Conclusion and future work
In this article, we have proposed a continuous Voronoi partitioning-based informative path planning algorithm to collect the maximal amount of information from an unknown environment using a set of mobile robots. In our model, the robots initially do not have any knowledge about the environment. As the robots move to collect more information, they possibly discover new obstacles and their corresponding perceptions about their allocated workloads, that is, the amount of area they need to cover for information collection, change. When two or more robots come within each other’s communication ranges, they share their current perceptions about the environment, and based on their local knowledge bases, they repartition their initial Voronoi cells, which have been allocated to them without taking the obstacles of this unknown environment into account. This helps the robots to achieve a better workload balance. Our used path planning approach is distributed in nature and each robot plans its local path only for one future informative way-point at a time. Results show that our proposed strategy helps the robots to model the underlying spatial phenomenon that is close to reality while successfully reducing the imbalance in the amount of allocated free areas to the robots.
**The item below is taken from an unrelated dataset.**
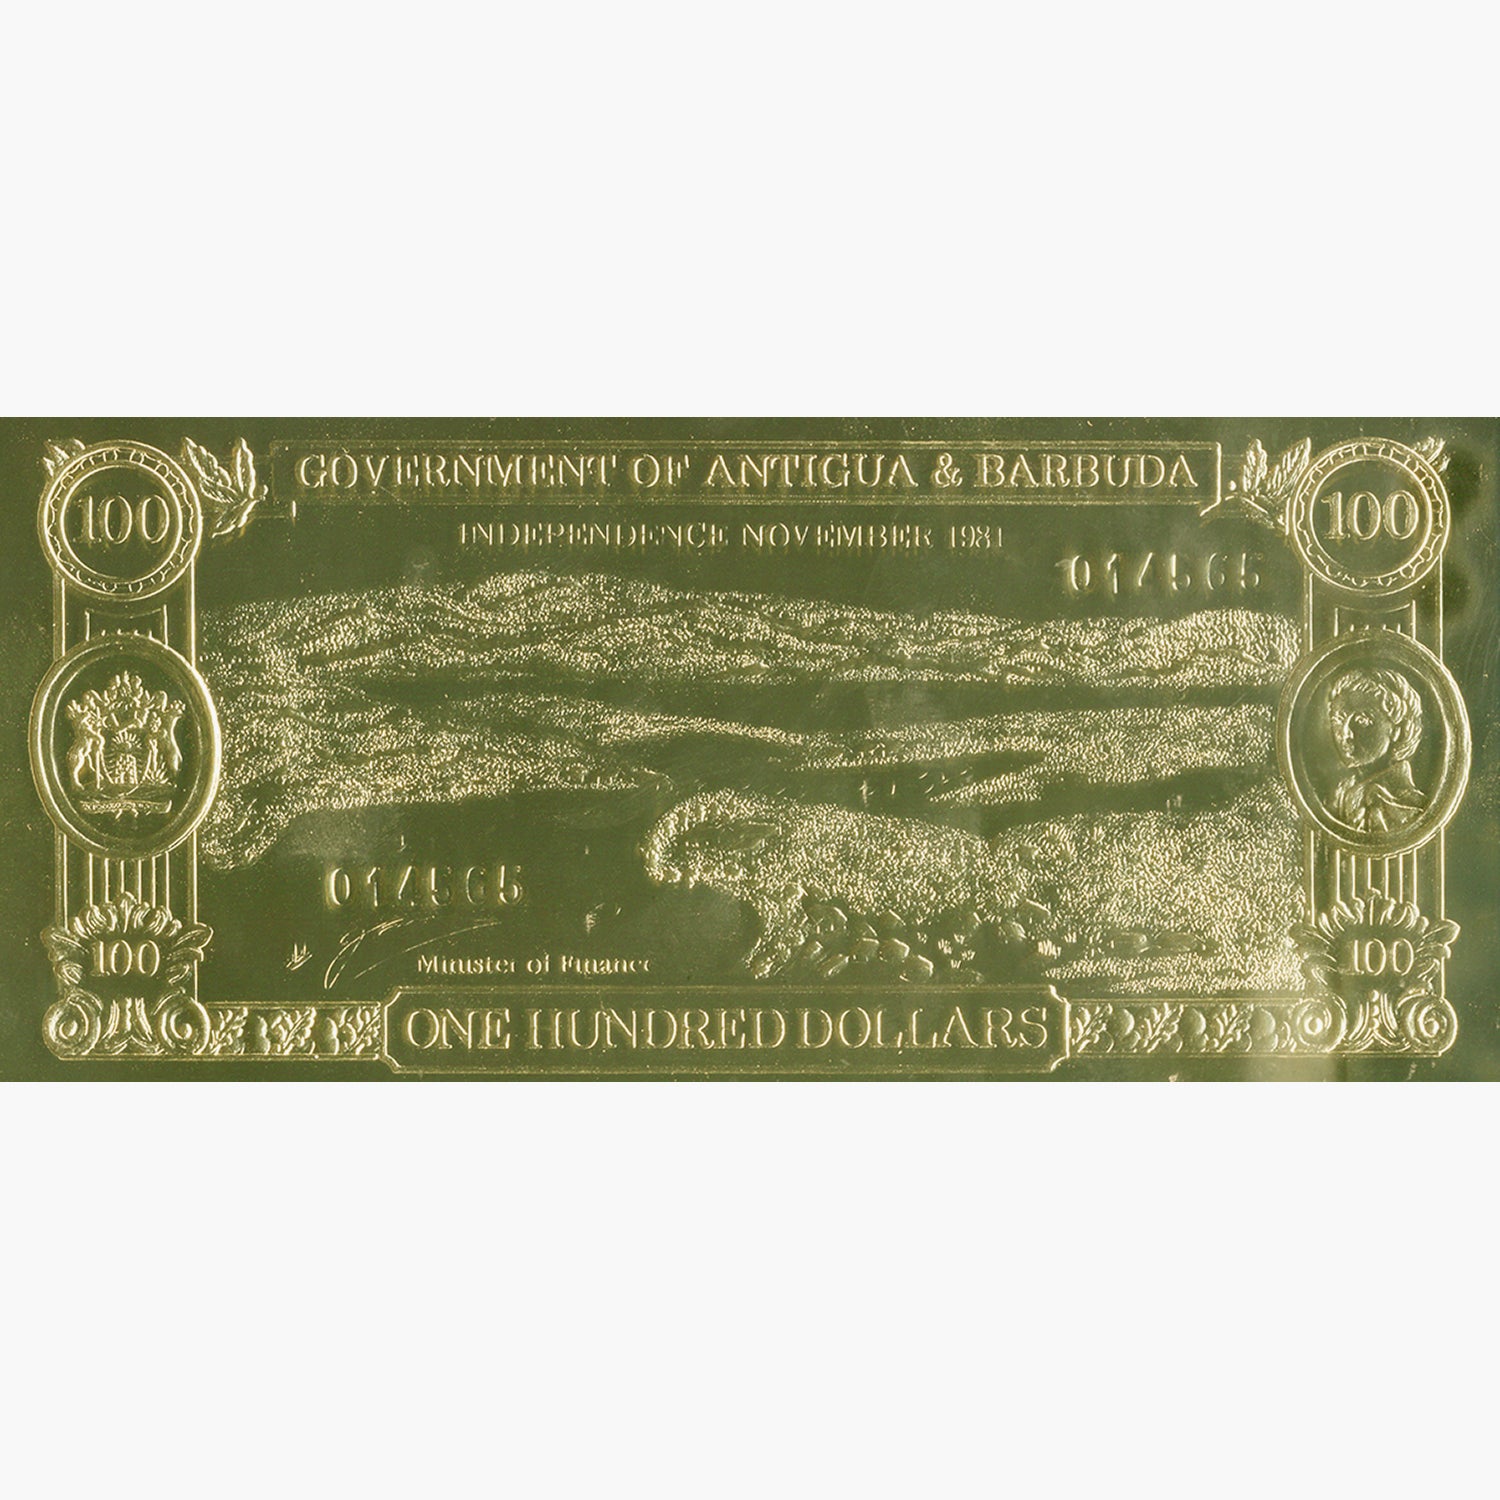 Gold and Silver Ship Banknote

Physical robot implementation and experiments will be part of future work. Details of physical implementation such as motion planning around obstacles and noise from sensors will be addressed as part of physical implementation along with appropriate techniques from handling these issues. Right now, we have made simplifying assumptions for these aspects to focus on the computational aspects of the problem that is the main contribution of the article. We also plan to incorporate various connectivity constraints proposed in the literature, for example, periodic and continuous, into our proposed framework.
Footnotes
Authors’ note
The work by PD was done when he was a full-time faculty with the Computer Science Department at the University of Nebraska, Omaha.
Acknowledgement
The authors AD, AB, and OPK are thankful to the University of North Florida Foundation Board for partially funding this research.
Declaration of conflicting interests
The author(s) declared no potential conflicts of interest with respect to the research, authorship, and/or publication of this article.
Funding
The author(s) disclosed receipt of the following financial support for the research, authorship, and/or publication of this article: The University of North Florida Foundation Board for partially funding this research.